# UP Brook Trout?



## jmoser (Sep 11, 2002)

Will be camping at Taq. Falls mid July. Are there brookies in that river or any good nearby tribs to check out? Not looking for anybody's HoneyHole, just general advice on native brook trout fishing in the area.


----------



## unregistered55 (Mar 12, 2000)

You're kiddin' right?? Not many will be willing to give a trout hot spot. 

Seriously- check out maps and look for trout streams. Lots of places to go in the Yoop.
Good luck & enjoy


----------



## jd_7655 (Mar 25, 2004)

I've cought brookies at Taq. park. Take a row boat over to the island and find some deeper holes. Also the Two Harted River is about a half hour dirve but worth the trip. The Two Harted is Holy Ground to me for giant brookies.


----------



## Rising Trout Flies (May 20, 2004)

He was not asking for a hot spot.... Just if there were brook trout in a river! That is not asking for too much.

I would tell you if I knew buddy.


----------



## headbanger421 (Jul 1, 2005)

The fly fisherman's guide to michigan trout streams by Bob Linsenman is a great starting off point. It covers pretty much every good stream in Michigan and gives hatch charts too.


----------



## unregistered55 (Mar 12, 2000)

Sent you a PM. I hope it will be helpful. I haven't got a lot of experience up there but I sent along some info that may be good.

Hey rising flies-I was JUST kiddin'


----------



## ovendoctor (Jan 19, 2006)

some really good spots above high bridge campground havent been fishing there in a few years bot last time there I had a good trip wees working the keewanaw now


----------



## steelie (Sep 20, 2000)

Good Day,

A nice book to add to your repetoire of Michigan Fly books would be...

Trout Ponds and Lakes in the Upper Peninsula of Michigan: An Anglers Guide 

http://www.amazon.com/gp/product/09...104-6866819-9352757?s=books&v=glance&n=283155

Steelie


----------



## tedshunter (Dec 27, 2004)

Just about any stream in the U.P will hold Brookies.Try the Fox near Seney,that is a desent stream to start on and most of it is wadable if you don't have a canoe.Also you might want to try the Manistque River which is just south of Seney.Hope this helps you out.


----------



## uptracker (Jul 27, 2004)

Tip of the Day: Look in your "Trout Stream" guide from the DNR. Look NW of Whitefish Point. There is a "black line" indicating a stream. Look into that....in depth.
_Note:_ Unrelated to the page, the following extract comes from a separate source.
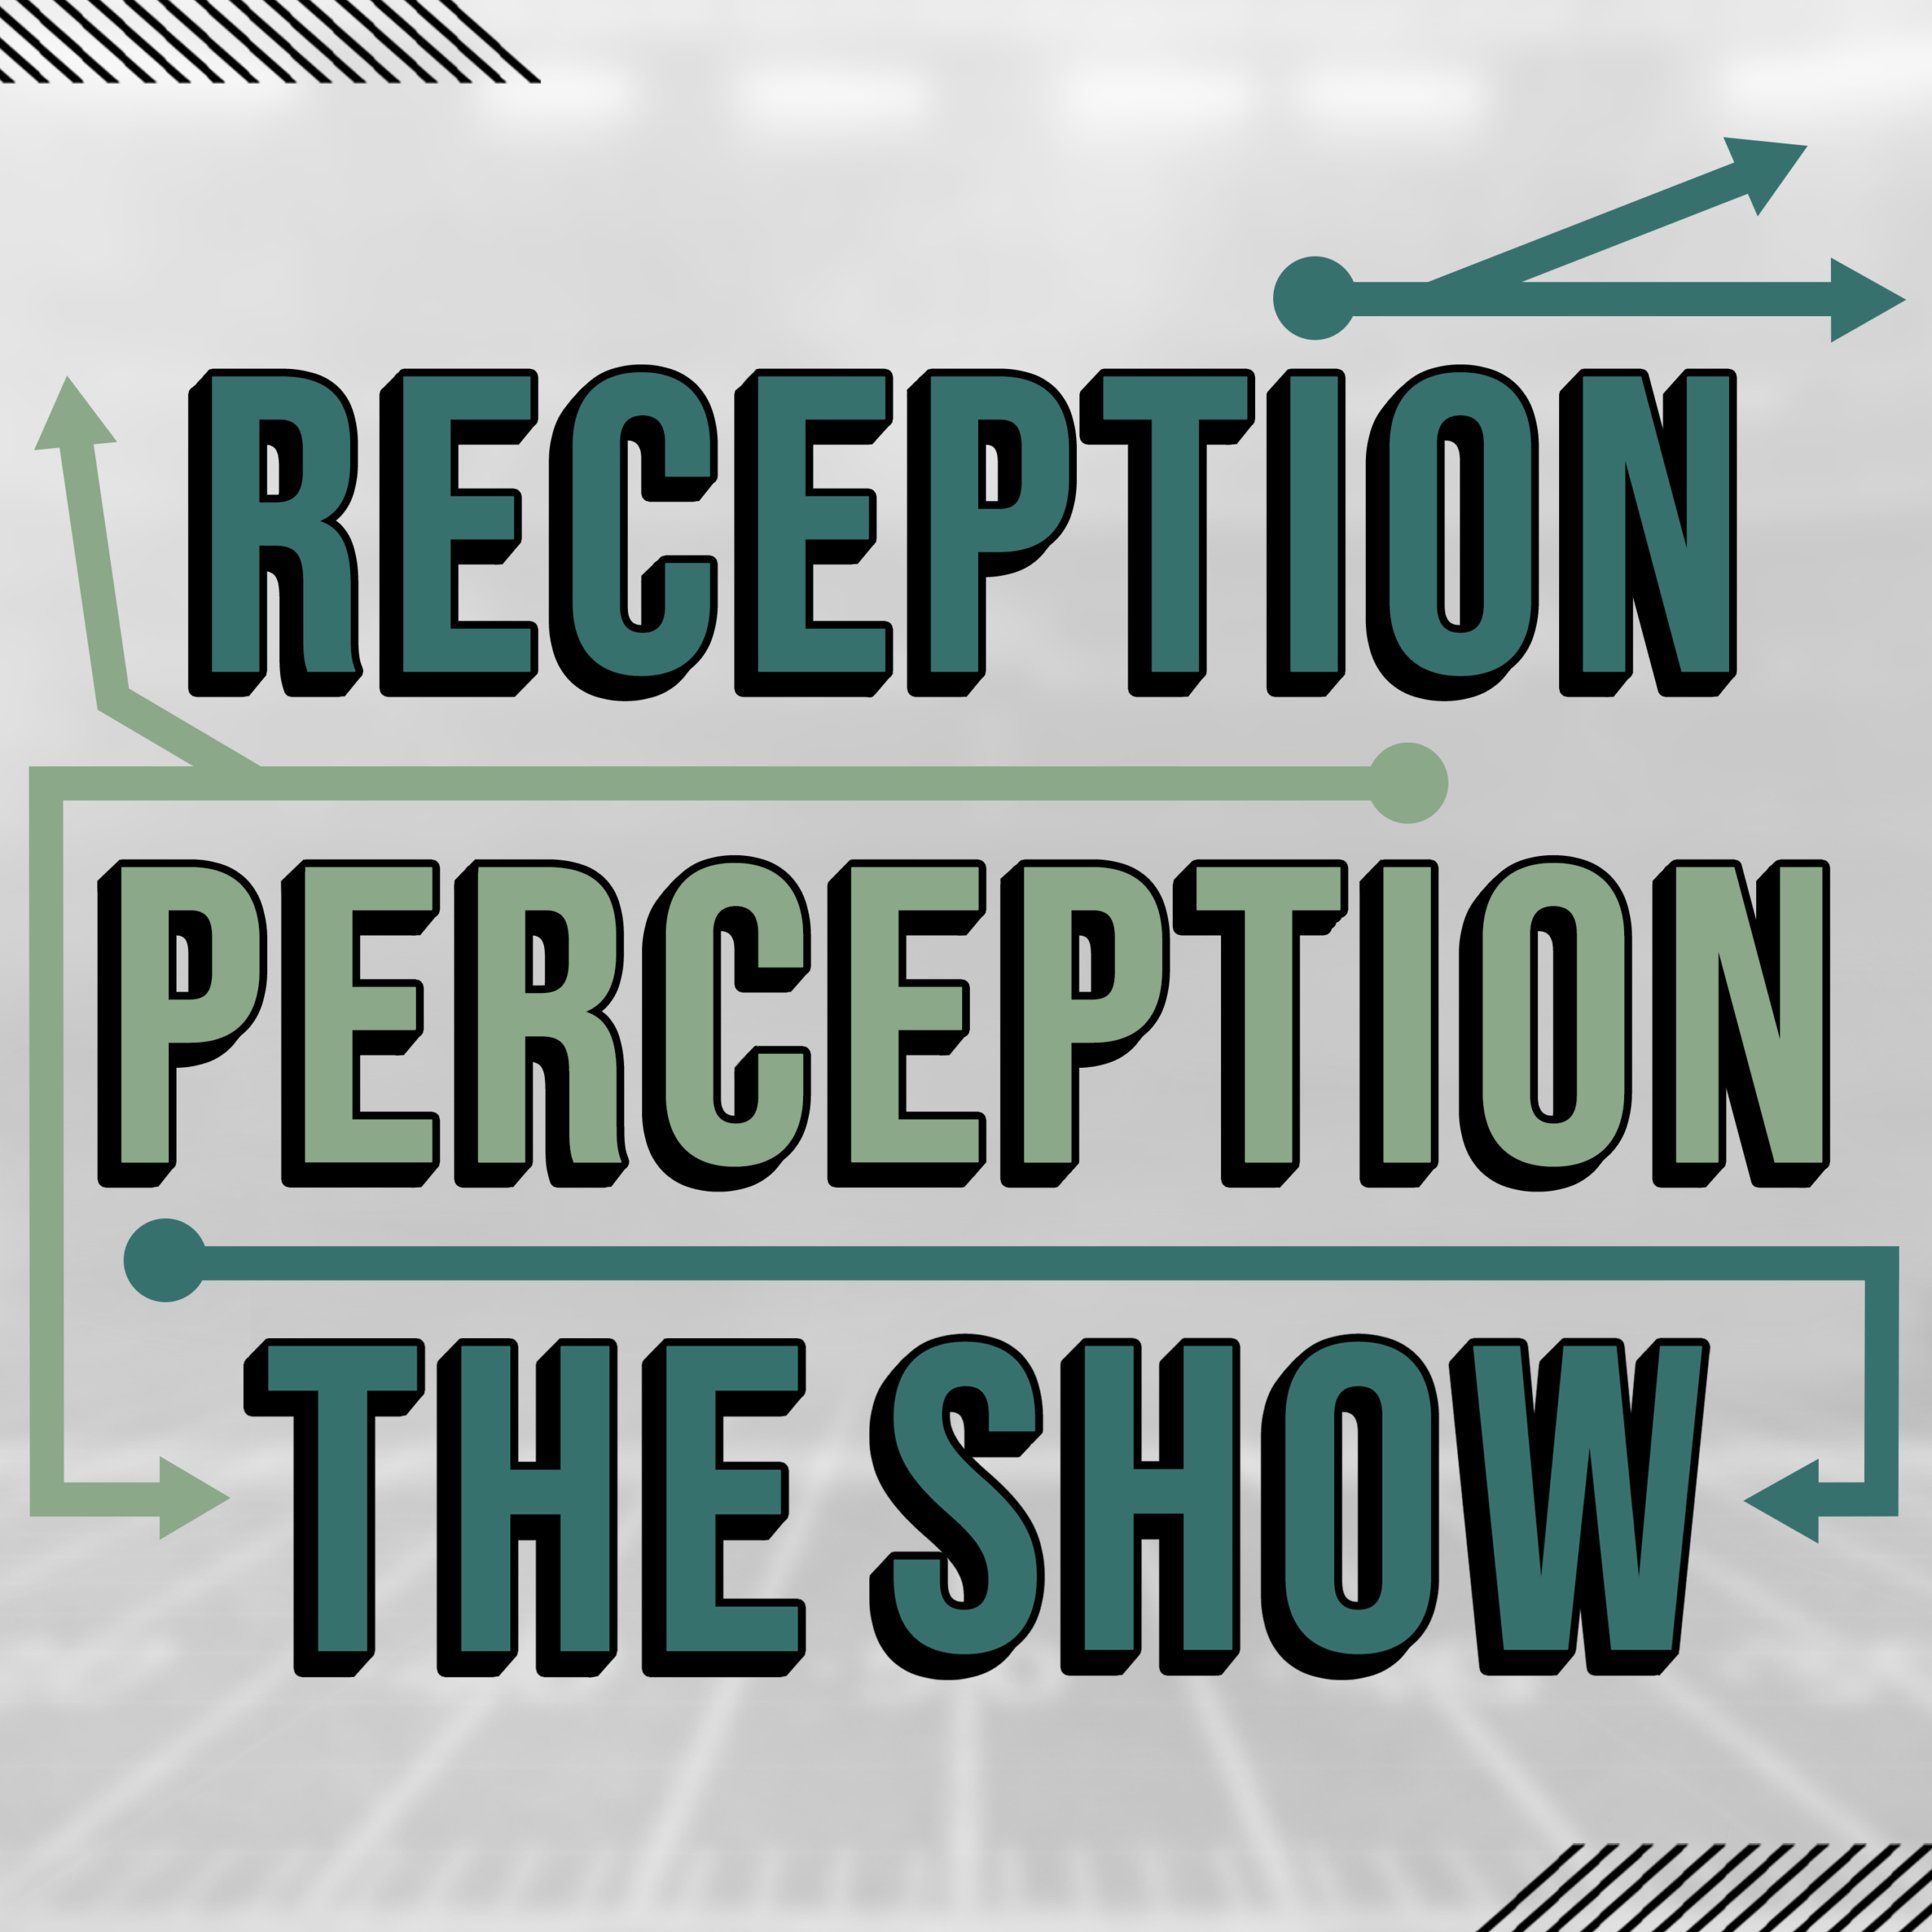 Reception Perception The Show – Taking Inventory of 2022 Pre-Season Predictions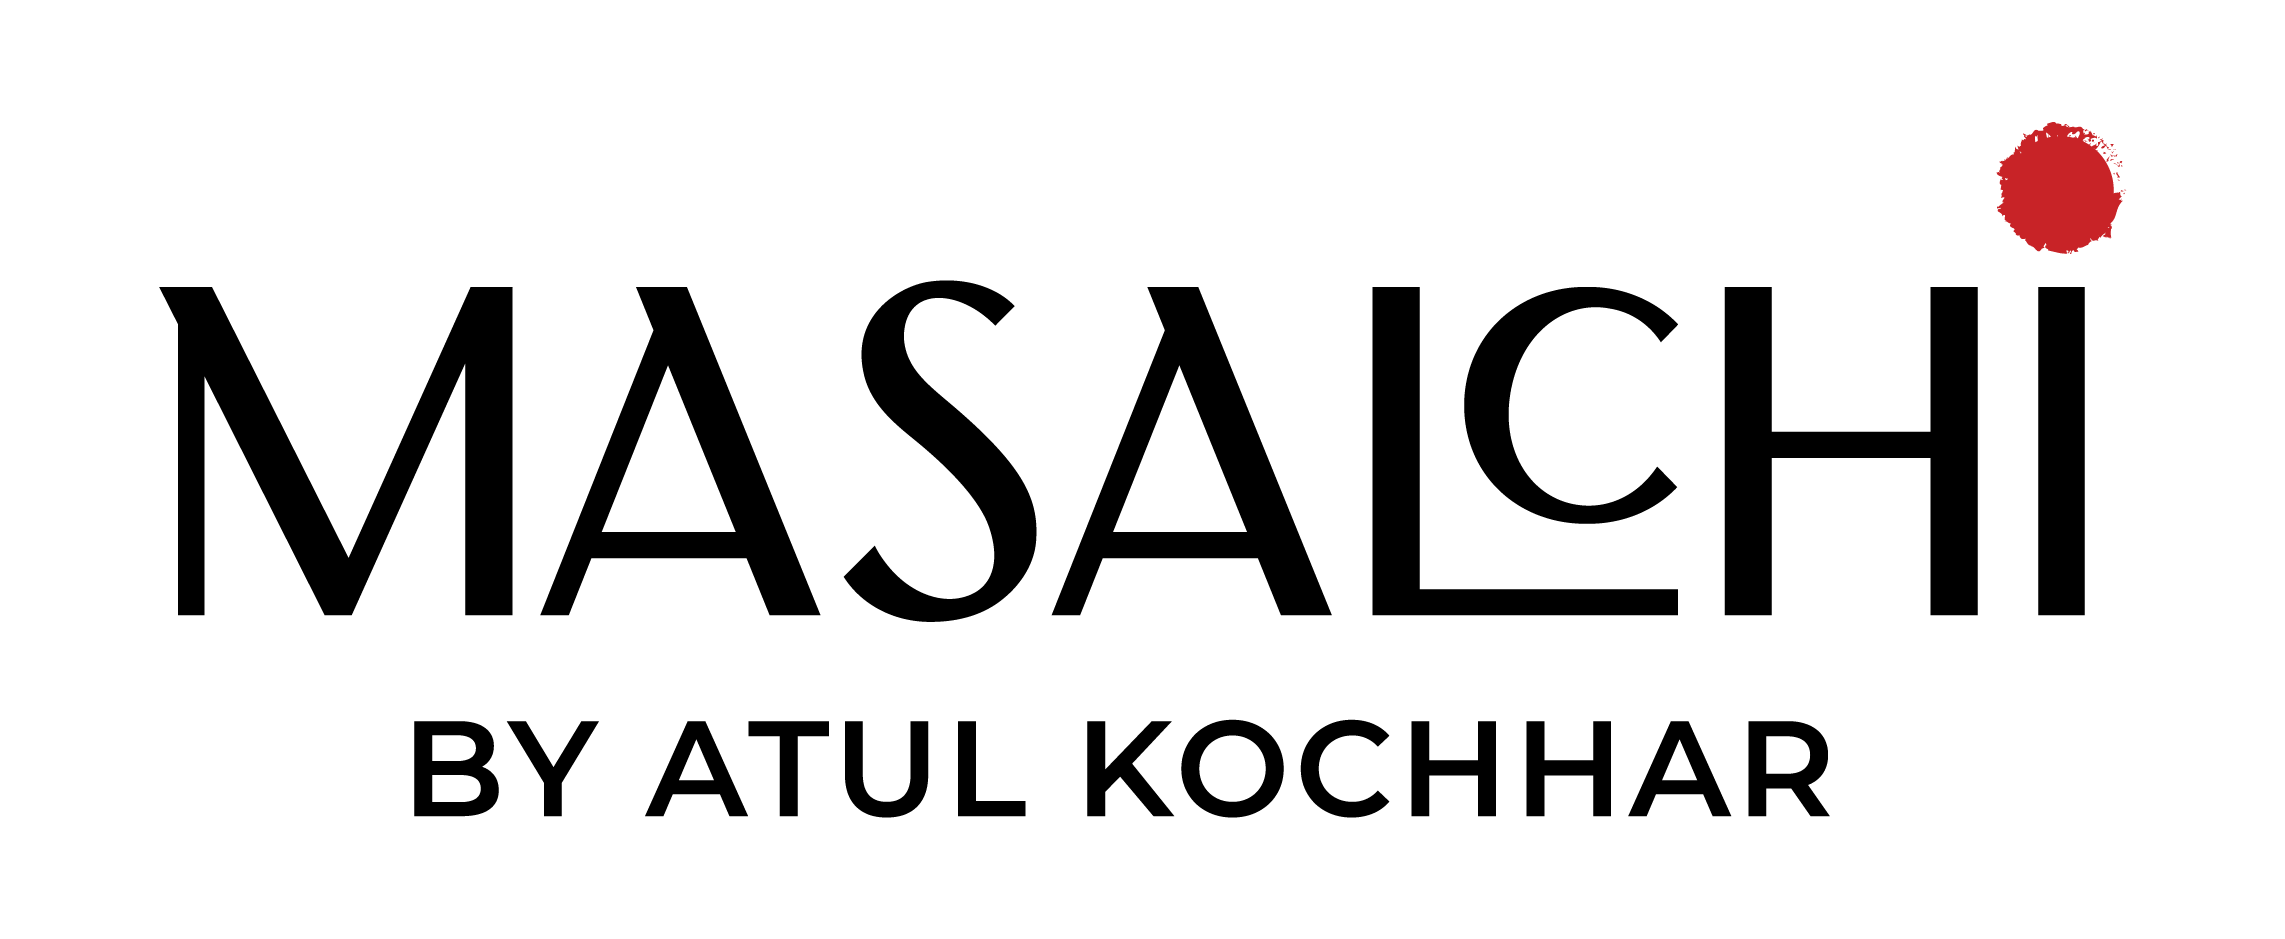 Masalchi_Black & White Logo_Atul Kochhar.png

I may be able to tote you around depending on when I move back up which will be in the next four months.


----------



## Fishbum2 (Jan 15, 2005)

There is a camp ground south of Seney near the crossing point for the
Manistique River. They rent canoes and will drop you off upstream on
the Fox or the Manistique. Best bet is a small spinning rod with small
hook and a couple of split shots. The canoe has a clamp like a battery
charger that you can attach to the brush and logs so you can fish the 
holes or under the overhangs. Expect to break off alot...the river is full
of logs and snags. The pick up point is M28. You should get alot
of eater brookies on the trip.

The Manistique has walleyes, small mouths and some pike. Use of Mepps
are some rubber worms will work there. If the water is up, you could also
fish the Seney Wildlife Area for northern pike with a canoe.


----------



## yooperkenny (Jul 13, 2004)

Some folks in the know suspect that when Ernest Hemingway wrote of the Big Two Hearted River, he was actually writing about the Fox.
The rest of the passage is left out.